( photo courtesy aceshowbiz.com )
Nicolas Winding Refn and Ryan Gosling team up for their second bloody go round after finding success and lauds for their 2011 car chase noir “Drive.” The teaming of the pair is a good one, a director with a hyper-stylized eye and a penchant for flourishes of quick bloody violence that would make Sam Peckinpah nod in appreciation; and a laconic actor, enigmatic and bristling, a brooding baby-faced brute if you will, capable of unspeakable savagery.
In “Drive,” the story was rooted in a true anti-hero, who comes to the aid of the hapless family next door. A simple set-up that plyed the darkest recesses of the black and white spectrum. Here though, there’s no true right and just corner, as those who seemingly mete out justice by disemboweling others later prove to be morally ambiguous and as the page turns, perhaps even the face of evil.

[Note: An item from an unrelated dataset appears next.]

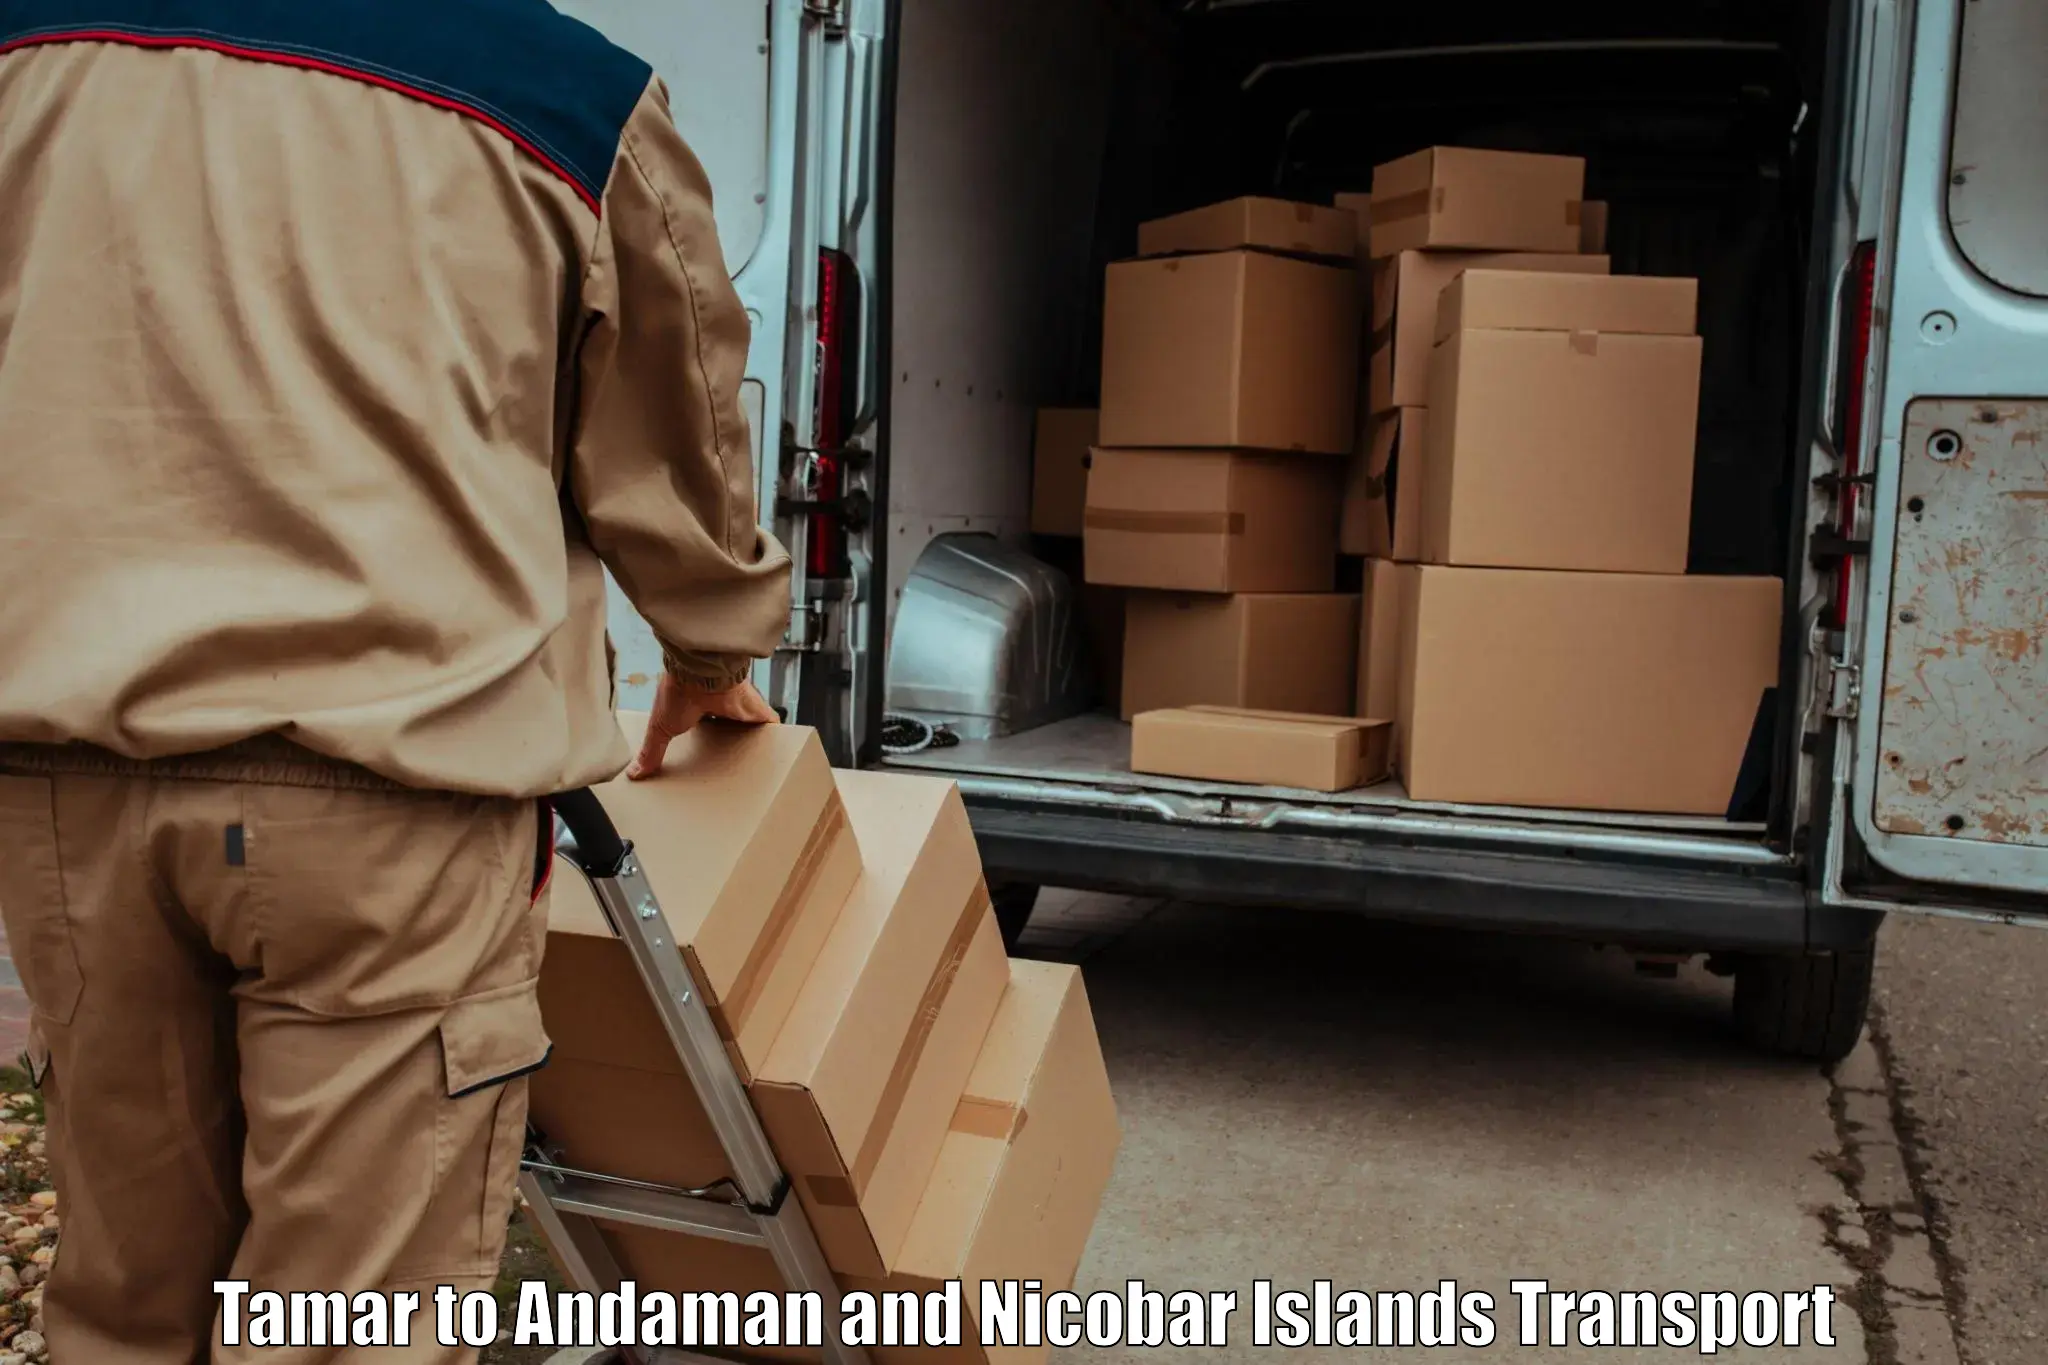 Road transport services in Tamar to Andaman and Nicobar Islands

Mind you, there’s nothing wrong with moral ambiguity and grey areas, they can texture a film with piquant provocation and soul searching exploration; but when the motivational catalysts and driving tenets become hollow and arbitrary, the visceral connection that the filmmaker desires to forge with the audience gets lost on a sea of senseless violence.
That’s pretty much what happens here. Gosling’s Julian and his brother Billy (Tom Burke) are expats running a boxing gym in Bangkok, one that’s really a front for a drug trafficking ring run by their brassy mother (Kristin Scott Thomas). Right out of the gate, and playing the antithesis to the film’s title, Billy mentions he’s “got a date with the Devil,” runs off and rapes and brutally murders an underage sex worker. The local police chief, Chang (Vithaya Pansringarm) in retaliation allows the father of the girl to bludgeon Billy to death, and then cuts off the father’s arm for allowing his daughter to work in the sex trade.
So goes the film; and as Julian is ultimately enlisted by his mother to exact revenge, “Only God Forgives” settles into a blood feud between the transplanted Americans and Chang. Julian too becomes conflicted when he learns of his brother’s atrocity and there is the strange and titillating overture of sexual tension with Mom. Scott Thomas nearly steals every scene she’s in. Some are fine moments of weary female assertion, others skate dangerously close to “Mommy Dearest” camp. Then comes those moments that pop out of left field , such as when she meets Julian’s girlfriend (a dancer in a strip club) and refers to her as a “cum dumpster.”
It doesn’t matter the context, whenever Scott Thomas is onscreen, the film is alive.
Gosling as Julian here feels like a blanched-out version of his cool driver from “Drive.” Pansringarm’s stoic Chang practically floats through the movie — an arcane ghost. Sized up against the bigger, younger and more physically imposing Billy or Julian, Chang remains calm, poised and in command. His sangfroid is an eerie prelude to death and his lethal capabilities include a samurai saber covertly holstered along the spine of his back. When it comes out, someone bleeds in ample spurts.
Refn — who is Danish and made the devilishly taut prison film “Bronson” (that brought him and Thomas Hardy to a world audience’s attention in 2008) — has made films in LA, the UK and Asia and with timeframes that have spanned as far back as the Vikings (“Valhalla Rising”). At the heart of all of Refn’s work is always the embattled male, outside the bounds of the law and pressed up against a wall. His style too — long telescopic shots of red bathed hallways and dark rooms with jagged slashes of light to expose the emotion on the protagonist’s face, as well as his seamless integration of soundtrack, action and mood — has become signature. Still, the one thing that Refn should keep in mind is that no matter how broadly he trots the globe or how richly choreographed his arterial spray is in some underworld abyss, a story and its characters must have heart and soul.